‘Gertrude Stein and a Companion’: a wonderful play, perfectly staged

Photo by Michal Daniel
Claudia Wilkens, left, and Barbara Kingsley as Gertrude Stein and Alice B. Toklas in "Gertrude Stein and a Companion."

What a love story it is, and it is a love story. On now at the Jungle, Win Wells’ “Gertrude Stein and a Companion” is a play that bolsters one’s faith in all sorts of things: the power of language; the importance of kindness, affection and commitment; the value of art in our lives, especially if one has a good eye. Maybe even the possibility of an afterlife, since it begins with Stein’s death, then moves back and forth in time. “Dead is dead,” Stein says matter-of-factly, but is it? We want to believe that love lasts forever, and here we safely can.

Claudia Wilkens is towering and magnificent as Gertrude, Barbara Kingsley sharp-tongued and birdlike as Alice B. Toklas, her “companion” of many years in their Paris apartment at 27 Rue de Fleurus, where paintings by Picasso, Matisse, Renoir, Manet, Gauguin, Cézanne and Toulouse-Lautrec crowded and climbed the walls, and artists, poets, intellectuals and writers including Hemingway and F. Scott Fitzgerald dropped by. In the play, we never see the paintings – they’re on the invisible fourth wall that divides us from the stage – but watch for a quick and delightful scene where Gertrude and Alice are choosing one to sell, their heads bobbing up and down as if looking them over one by one.

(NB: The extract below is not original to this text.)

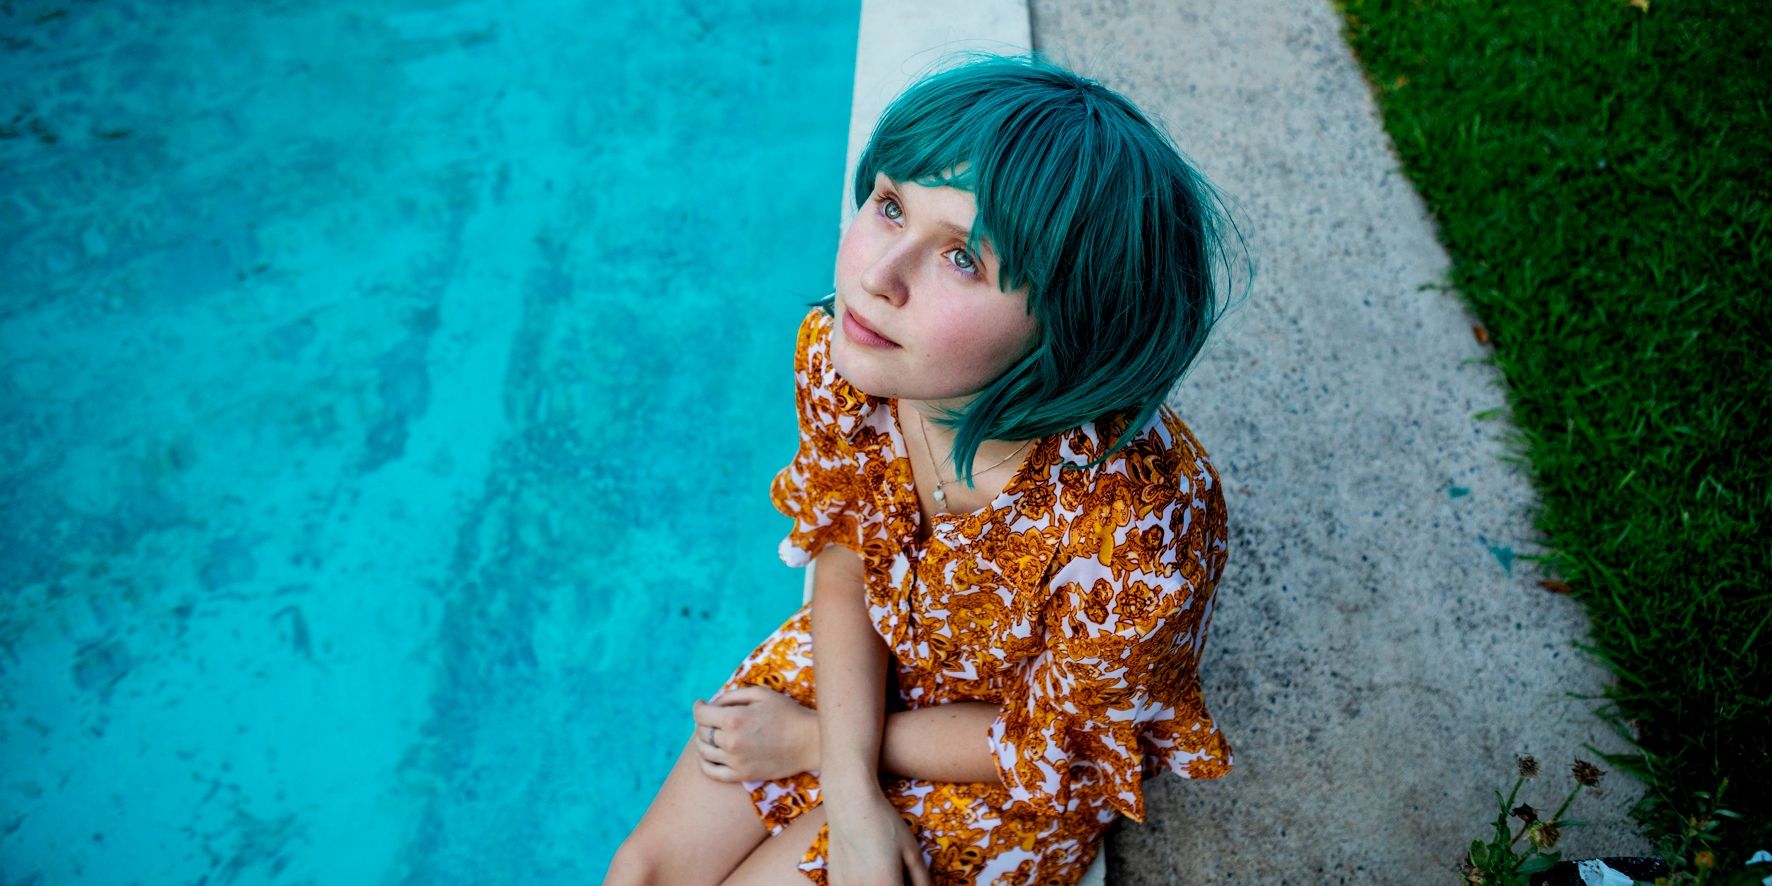 Eliza Scanlen as Milla sitting by the poolside with blue hair staring up at the sky

Wells dipped often into Stein’s oblique and idiosyncratic use of language, and Wilkens makes Stein’s repetition and mirror-like sentences sound almost normal. We hear of the women’s lives, their famous friends, the challenge of getting Gertrude’s writings published, World War I; two Jews, they stayed put in Paris, with Germans billeted in their apartment. This is the eighth time in Jungle history that Wilkens and Kingsley have played the pair, and they might as well be married, they’re so easy in their roles and with each other. It’s a wonderful play, not too long, thoroughly enjoyable, perfectly staged and lit, and here long enough there’s no excuse not to go. FMI and tickets ($25-$43). Through March 8.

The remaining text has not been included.